I am specifically interested in city-to-city exchanges, as opposed to nation-to-nation, or university-to-university. These others are important and have often been very successful. But the post disaster reconstruction of Port-au-Prince—and if I may be optimistic—its increased resiliency (through reformative recovery) will require strong leadership at the municipal (city) level. Building codes are often developed at the national or state level (this is the case in Haiti and the US for instance), but are enforced by city officials (also the case in Haiti and the US). The city manages new construction permits, roads and infrastructure planning etc. Hence “resiliency planning” is fundamentally implemented by cities (if at all). This is why such city-to-city partnership would be potentially so valuable.

It should be noted that the metropolitan “Port-au-Prince” is comprised of a collection of municipalities (Port-au-Prince, Carrefour, Cité Soleil, Croix-des-Bouquets, Delmas, Kenscoff, Pétion-Ville and Tabarre). So the municipal governance and resiliency planning of this seamless urban extent is very complex. But so here again, the parallels with the San Francisco “Bay Area” (comprised of several cities) reinforce the idea of a partnership for resilience.

SF_PaP_city_Hall

Haitian Presidential Palace following the 2010 earthquake (left) and San Francisco City Hall following the 1906 earthquake (right).

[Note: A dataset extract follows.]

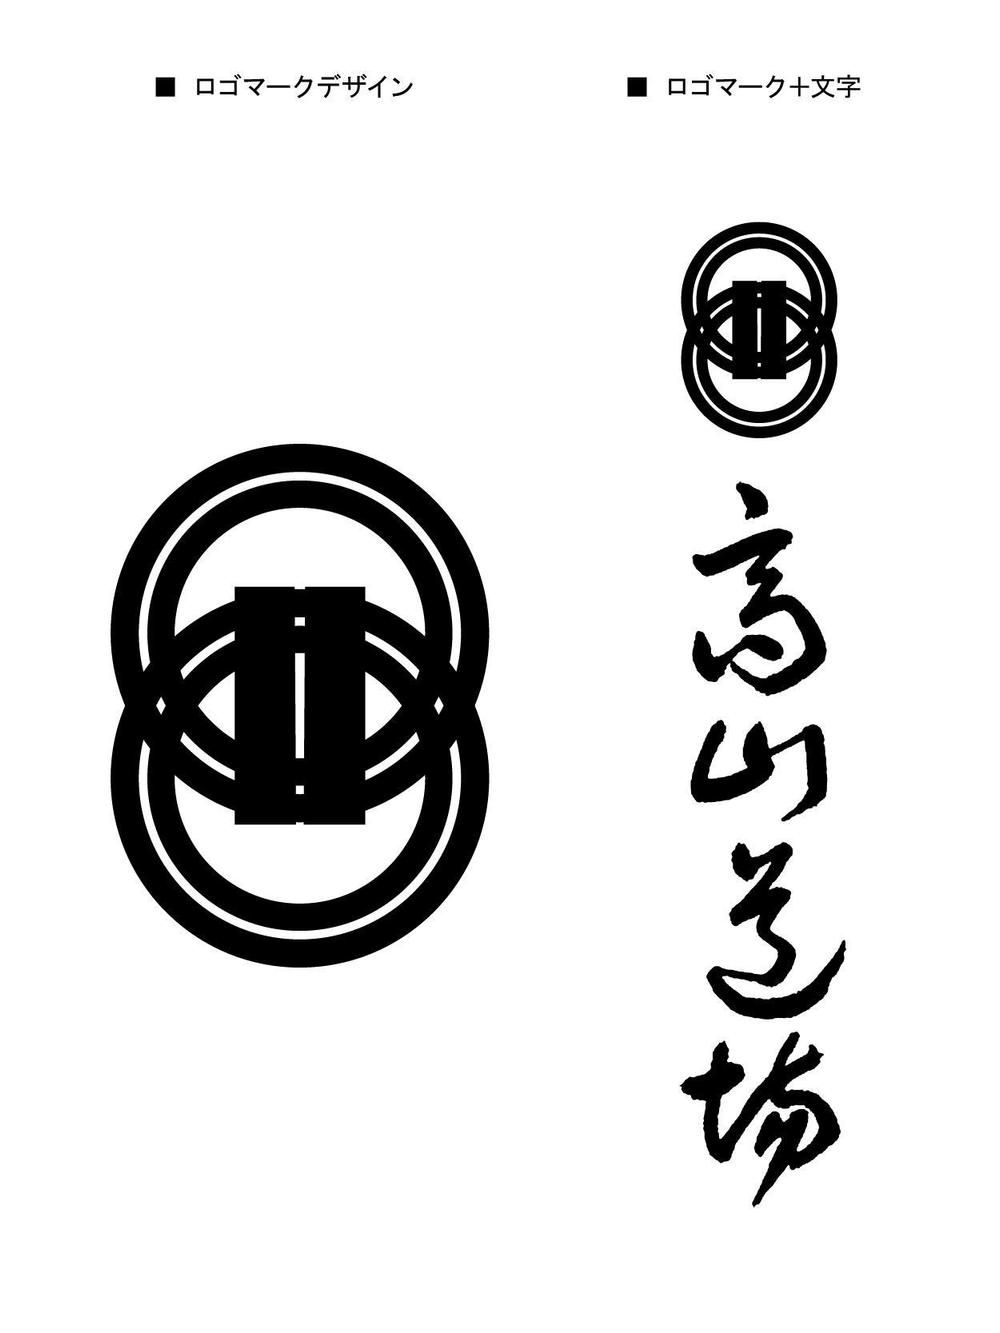 karate_2_logo.jpg
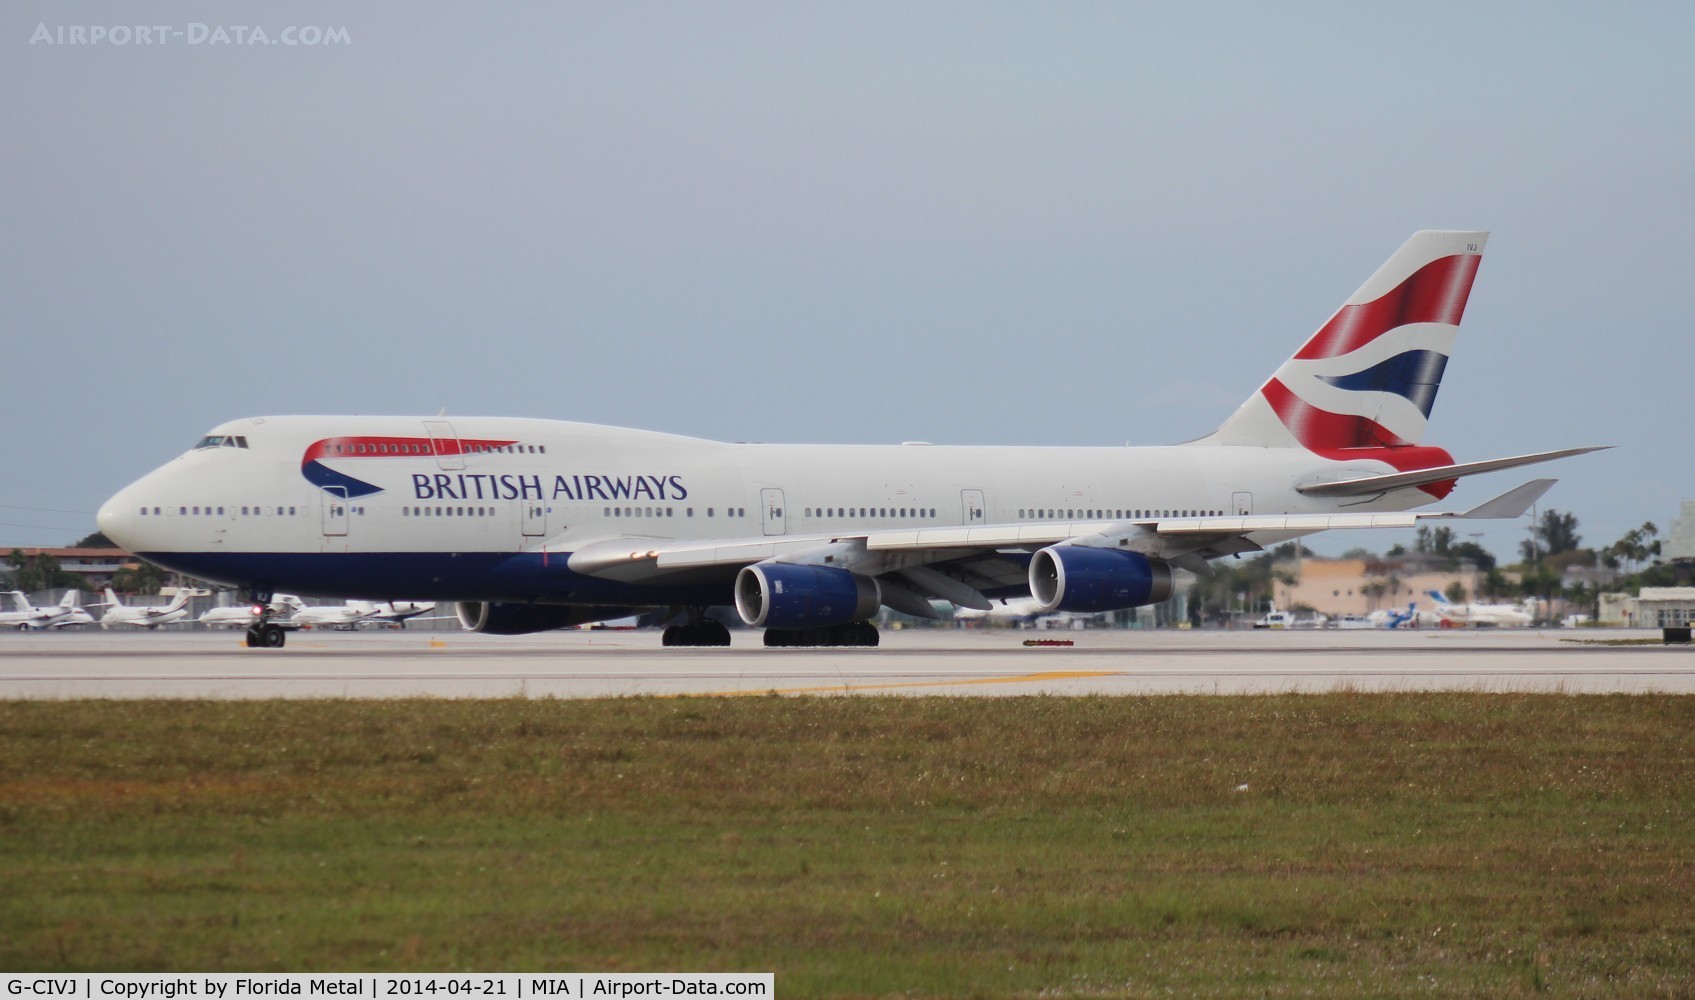 G-CIVJ, 1997 Boeing 747-436 C/N 25817, British Airways 747-400

Coincidentally, a couple of days ago the mayors of San Francisco, Oakland, Berkeley and Alameda met for a two-day “agenda-setting workshop” to discuss there collective resilience and how to improve it (as they are among the first 33 cities chosen as part of the Rockefeller Foundation’s Resilient Cities challenge). Perhaps the newly appointed “chief resilience officers” of these four Bay Area cities will be interested in serving a further role: starting a dialogue with Port-au-Prince.